Betrayal

Home > Literature > Betrayal > Page 3
Betrayal Page 3

by Karin Alvtegen


  She was his and he was hers. That’s how it would always be. For two years and five months he had devoted all his time to making her well again. Trying to make everything all right. And now they wanted to get him to accept the fact that it had all been in vain.

  Nobody was going to take her away from him.

  Nobody.

  When he came outside it had started to rain. On the nights he spent at the hospital he always took public transport because the parking fees were so high. They charged round the clock, and he couldn’t afford it any more. He buttoned up his jacket and walked towards the subway.

  He was terrified of the night, well aware of what was waiting. It was in the loneliness of his apartment that the control took over. The constantly nagging feeling that there was something important he had forgotten. The tap in the bathroom, had he turned it off properly? And the gas rings on the cooker? And what about the door, did he really lock it? Then the temporary calm when he had checked that everything was as it should be. But what if he had bumped into the light switch in the bathroom when he walked past without noticing it? Maybe he had managed to turn on the cooker just as he was checking that it was off. And he was no longer sure that he had locked the door. Had to check again.

  The simplest thing was to stay away. Then he knew that everything was under control. Before he left the apartment he always turned off all the gas rings, unplugged the cords of all the electrical appliances and devices, and wiped the dust off the plugs. One never knew if a spark might start a fire. He stored the remote control for the TV in a drawer; it absolutely mustn’t be left out on the table so that a ray of sunlight through the window might strike the sensor and make it catch fire.
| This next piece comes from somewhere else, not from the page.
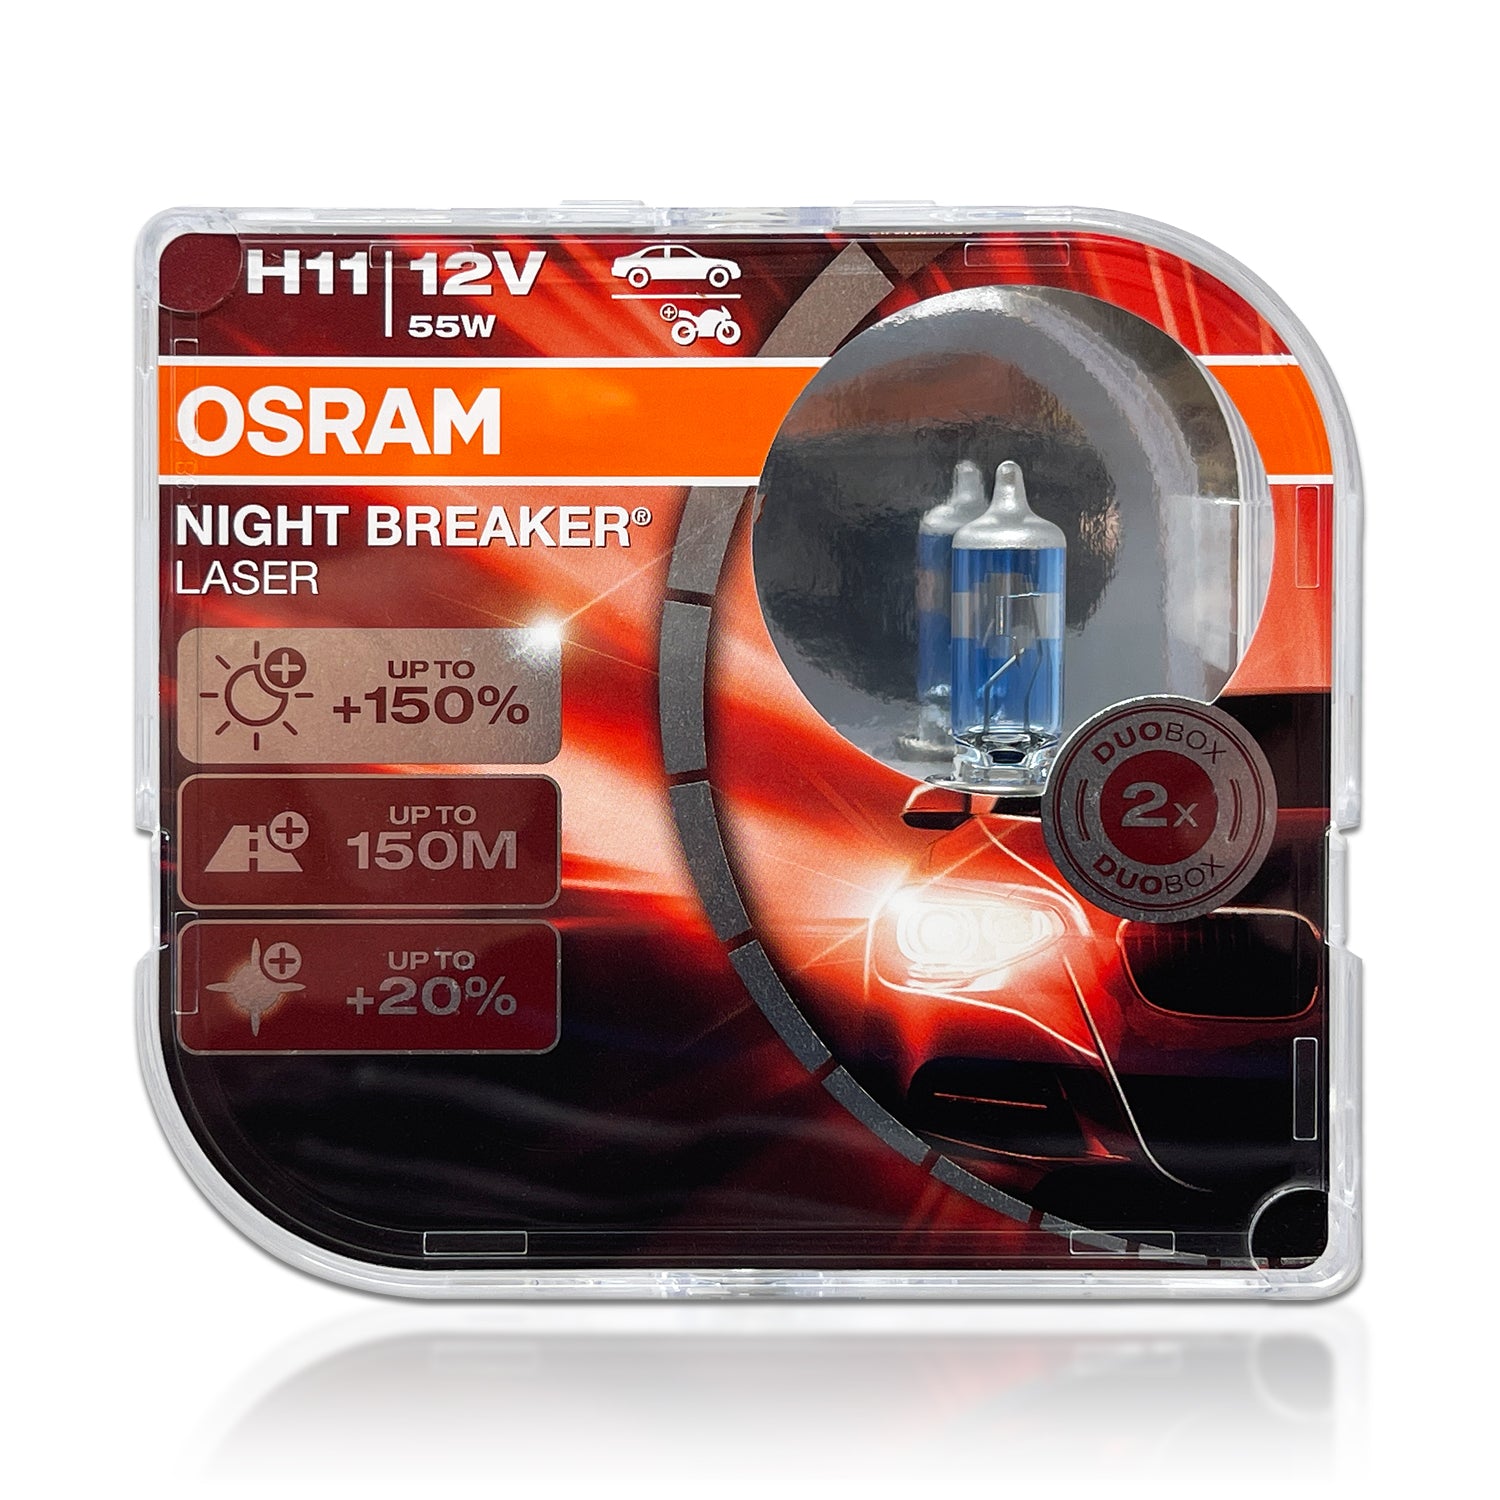 Osram H11 PGJ19-2 64211 NBL Night Breaker Laser Car headlight Bulb (Natural  White) (Twin) 12V 55W at Rs 2600/pair, Car LED Headlight Bulb in Kolkata

  And then going out the door. For the past six months the locking ritual had become so complicated that he had to write it down on a piece of paper he kept in his wallet to make sure he didn’t miss something.

  He stood down on the street looking up at the black windows of the flat. A man in his fifties he had never seen before came out the front door and gave him a suspicious look. He couldn’t bring himself to go up to the flat. Instead he took his keyring from his pocket and got into his car, turned the ignition and let the engine idle.

  Only with Anna was he left in peace. Only she was strong enough to vanquish the annihilating fear.

  And now they thought he would just let go and move on.

  Where to?

  Where was it they wanted him to go?

  She was all he had.

  It was after the accident that it started again. It came sneaking up, lying in wait for him, at first only as a diffuse need to create symmetry and restore balance. And later, when the gravity of her injuries had become more and more obvious, the pressure to perform the complicated rituals had intensified to an inescapable compulsion. The only way to neutralise the threat was to give in. If he didn’t obey the impulses properly, something horrible would happen. What, he didn’t know, only that the fear and pain grew intolerable if he tried to fight back.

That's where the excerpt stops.